PROBLEM DETAILS - For the data below, transcribe the part that opens with the line containing "ENGENIUS QUICK START" and closes with the line containing "v by very sequin top", exactly and with no pictures.

THE INPUT -
=-=-=

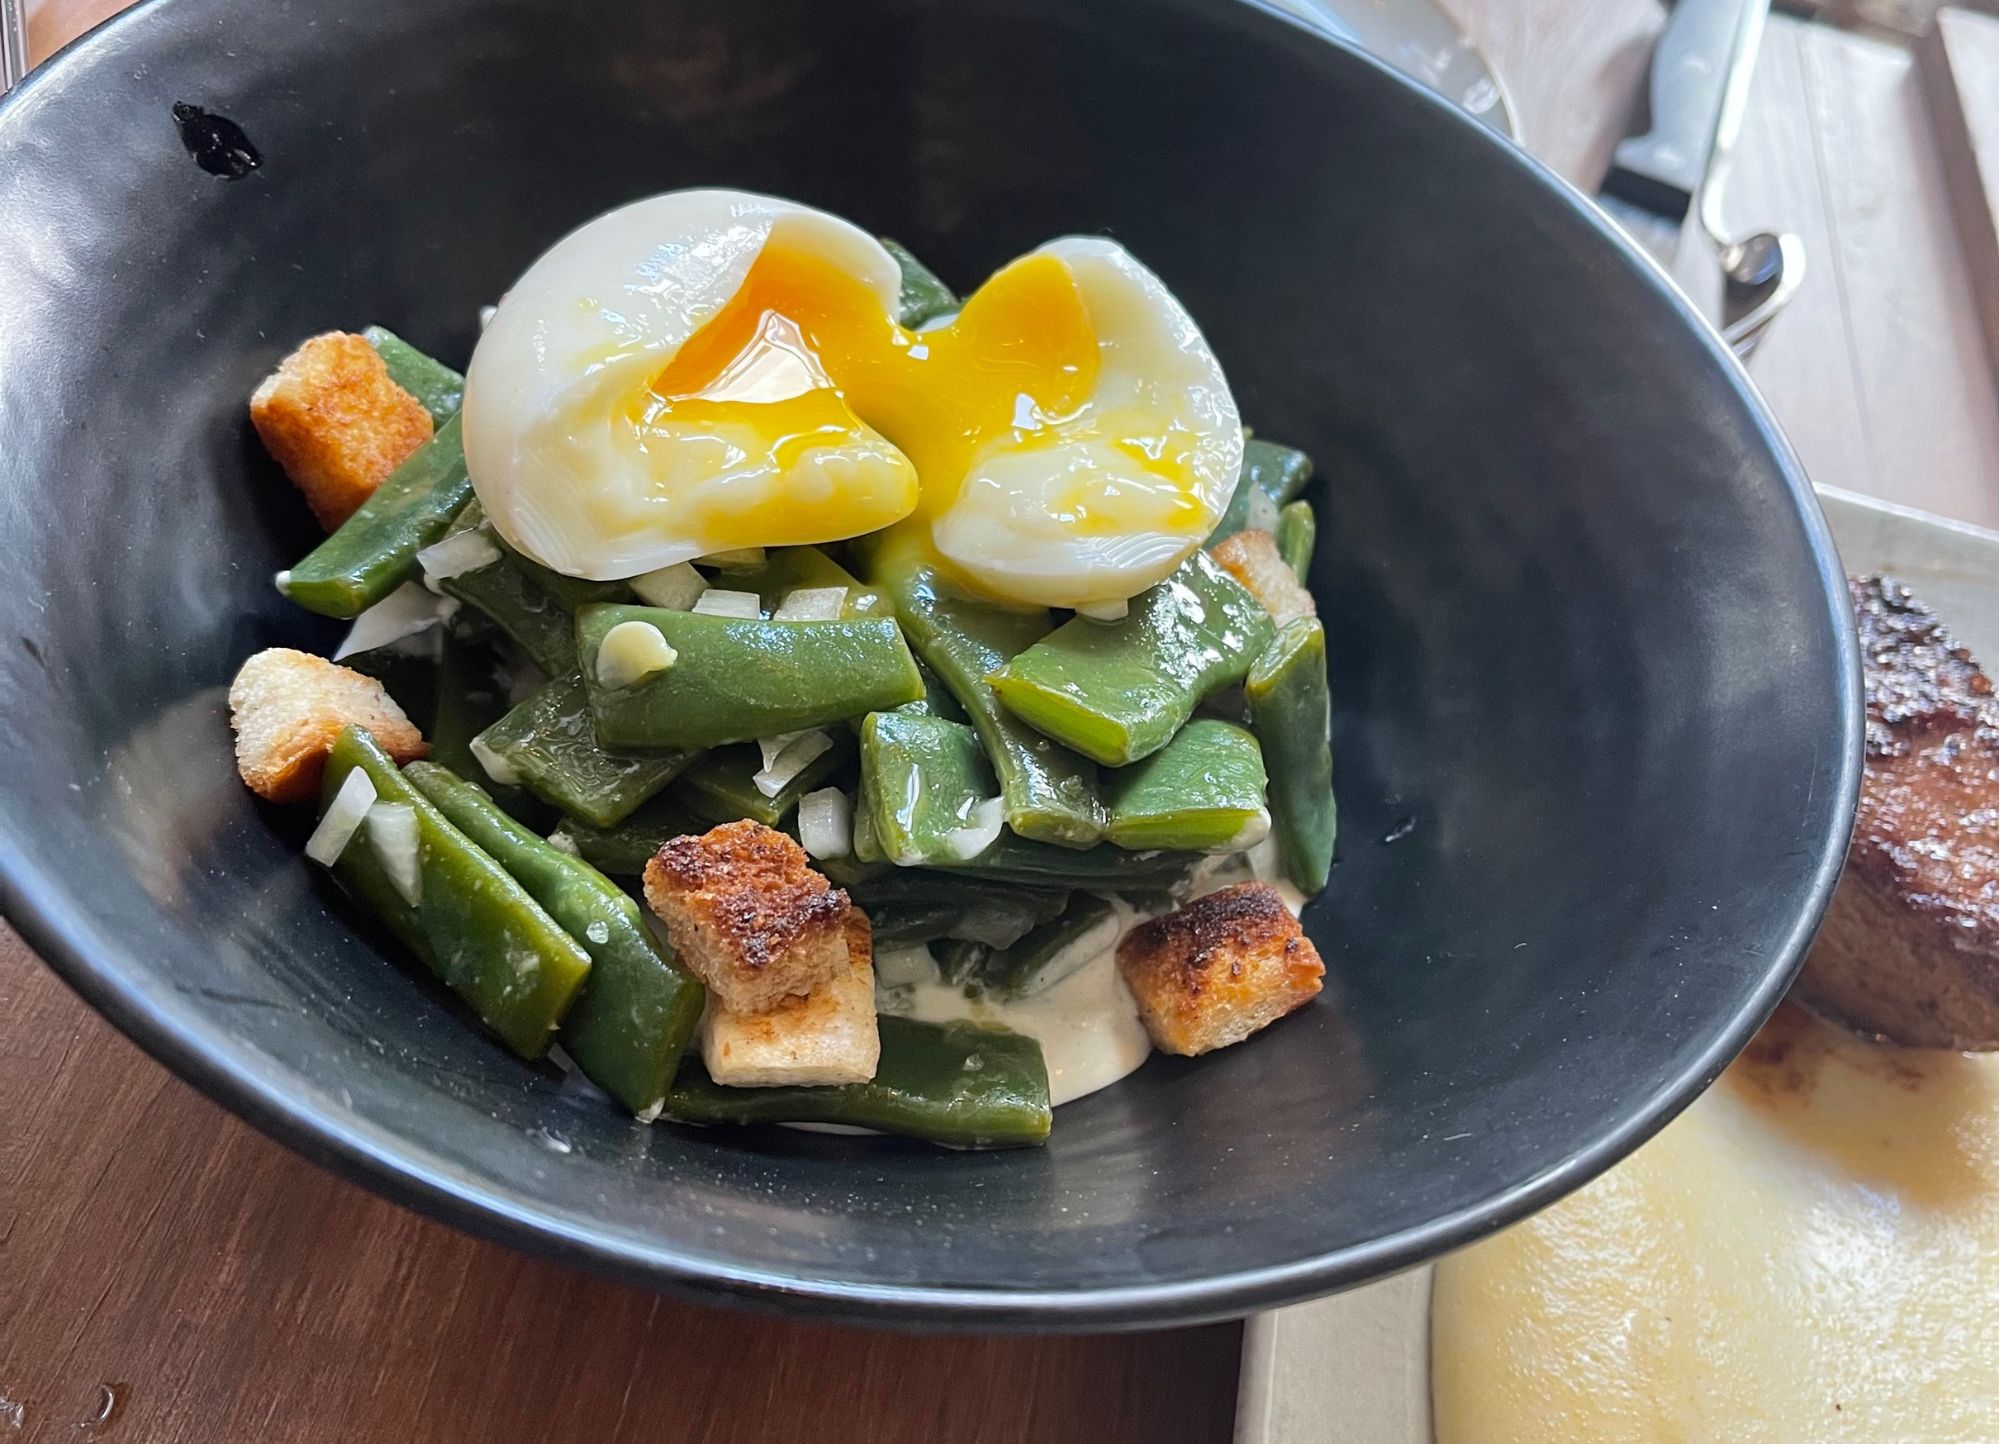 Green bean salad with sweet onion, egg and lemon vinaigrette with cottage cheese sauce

=-=-=

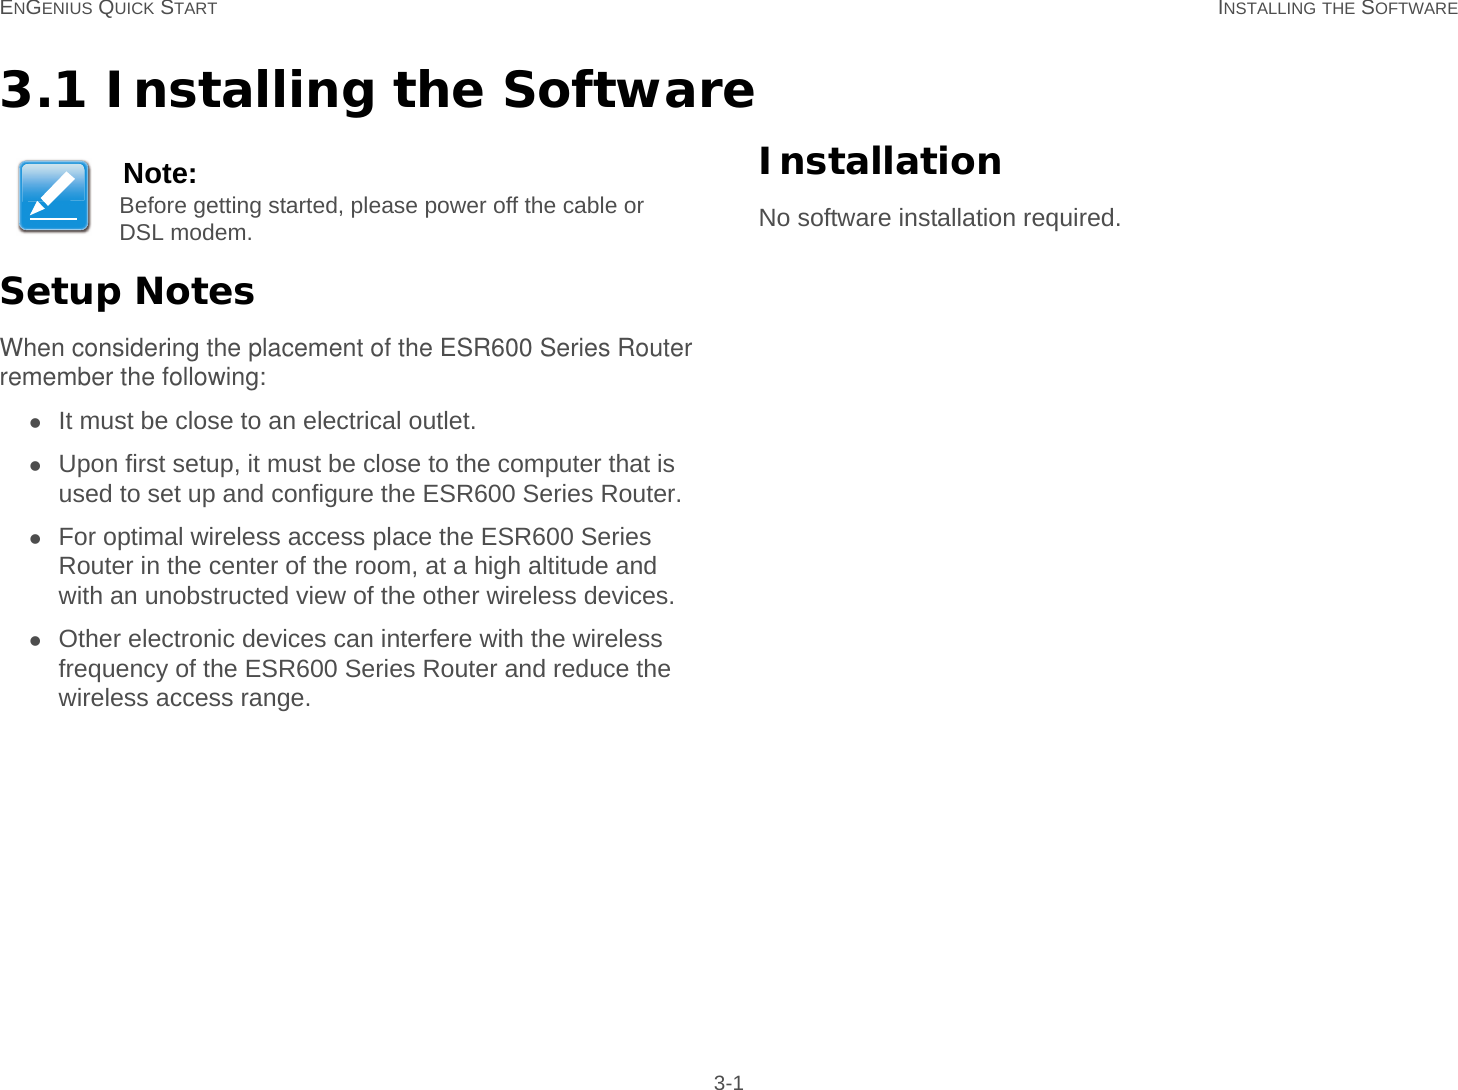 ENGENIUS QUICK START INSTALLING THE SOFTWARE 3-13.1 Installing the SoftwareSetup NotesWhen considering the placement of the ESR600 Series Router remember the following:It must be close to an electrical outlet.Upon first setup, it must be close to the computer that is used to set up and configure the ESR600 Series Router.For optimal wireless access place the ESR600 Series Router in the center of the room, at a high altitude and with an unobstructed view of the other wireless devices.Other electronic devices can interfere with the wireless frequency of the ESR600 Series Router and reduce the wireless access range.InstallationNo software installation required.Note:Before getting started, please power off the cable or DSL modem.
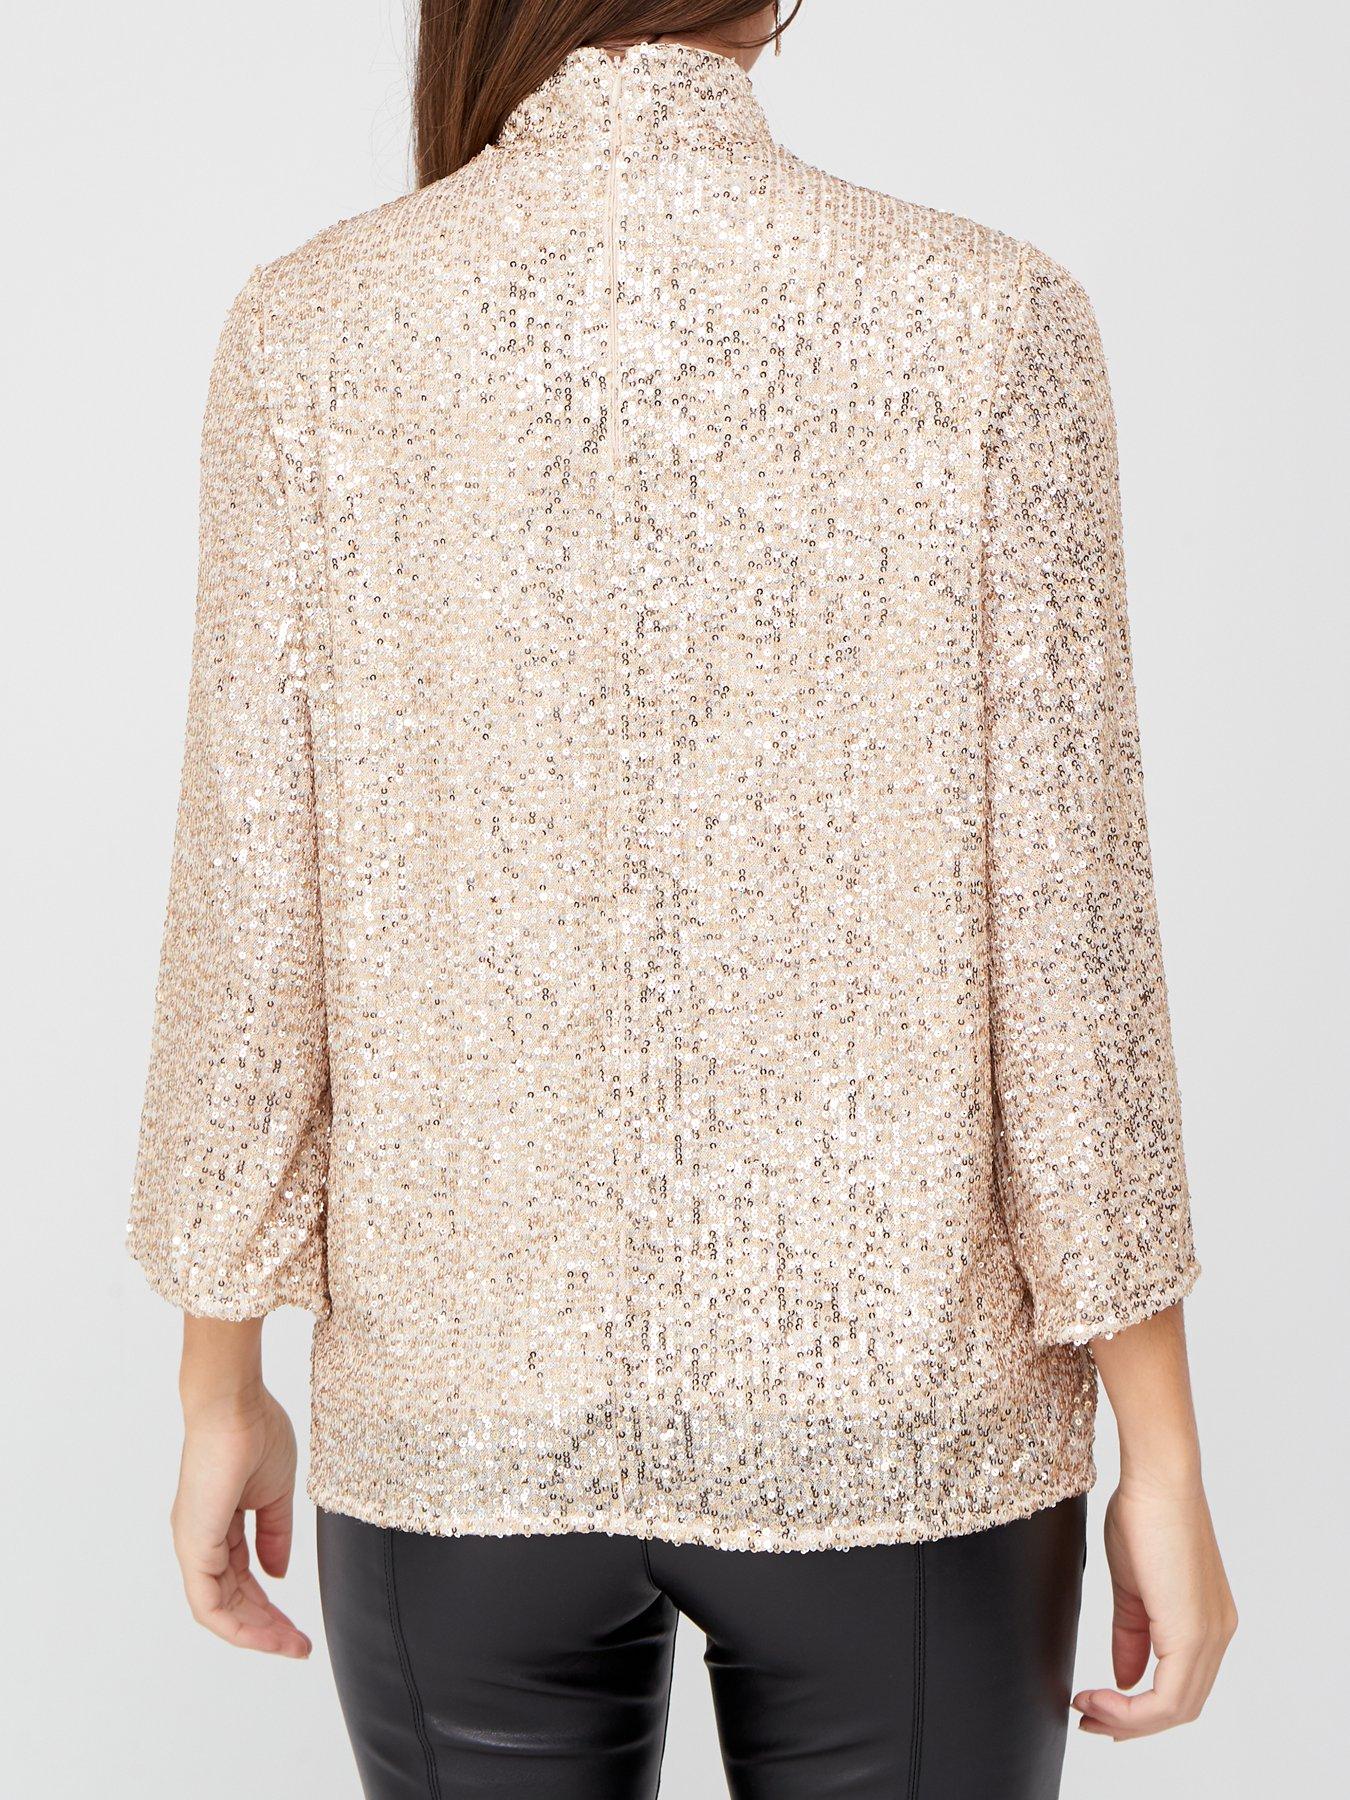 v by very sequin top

=-=-=

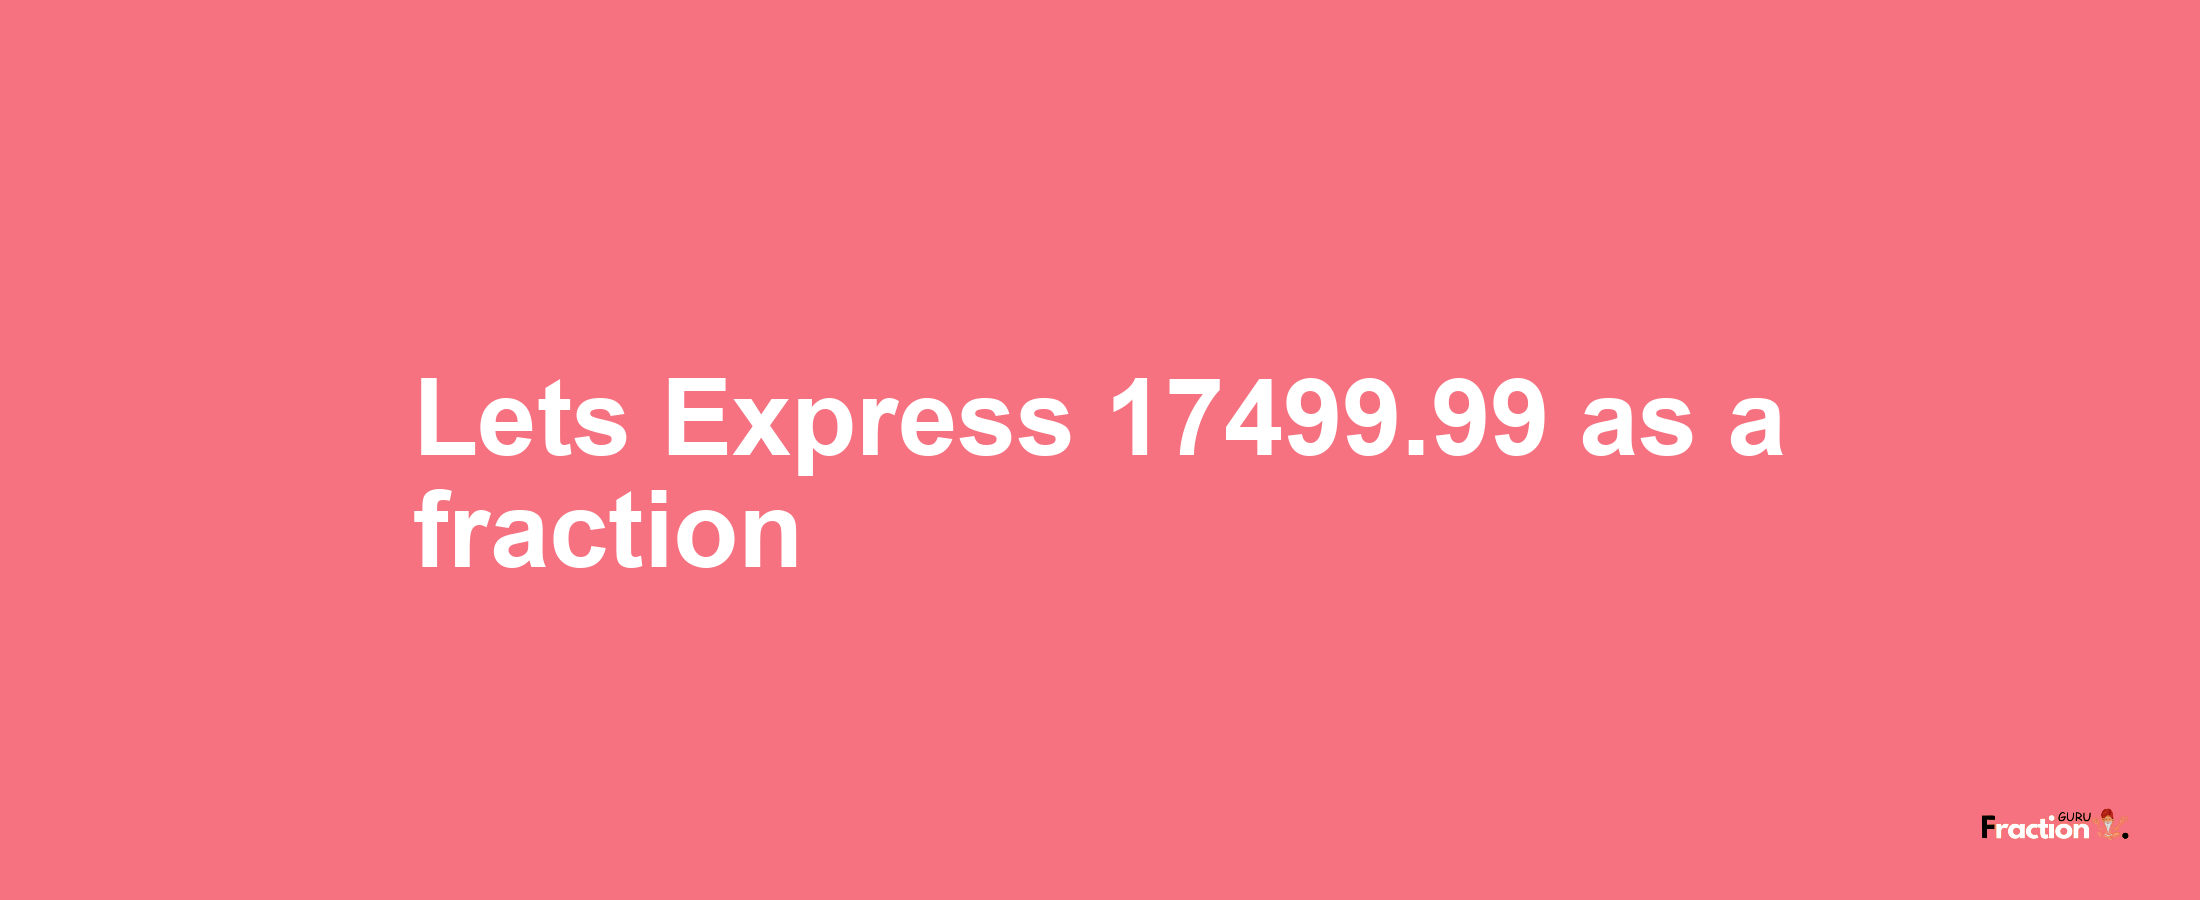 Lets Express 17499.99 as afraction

=-=-=

SOLUTION FOR THIS TASK -
 ENGENIUS QUICK START INSTALLING THE SOFTWARE 3-13.1 Installing the SoftwareSetup NotesWhen considering the placement of the ESR600 Series Router remember the following:It must be close to an electrical outlet.Upon first setup, it must be close to the computer that is used to set up and configure the ESR600 Series Router.For optimal wireless access place the ESR600 Series Router in the center of the room, at a high altitude and with an unobstructed view of the other wireless devices.Other electronic devices can interfere with the wireless frequency of the ESR600 Series Router and reduce the wireless access range.InstallationNo software installation required.Note:Before getting started, please power off the cable or DSL modem.
 v by very sequin top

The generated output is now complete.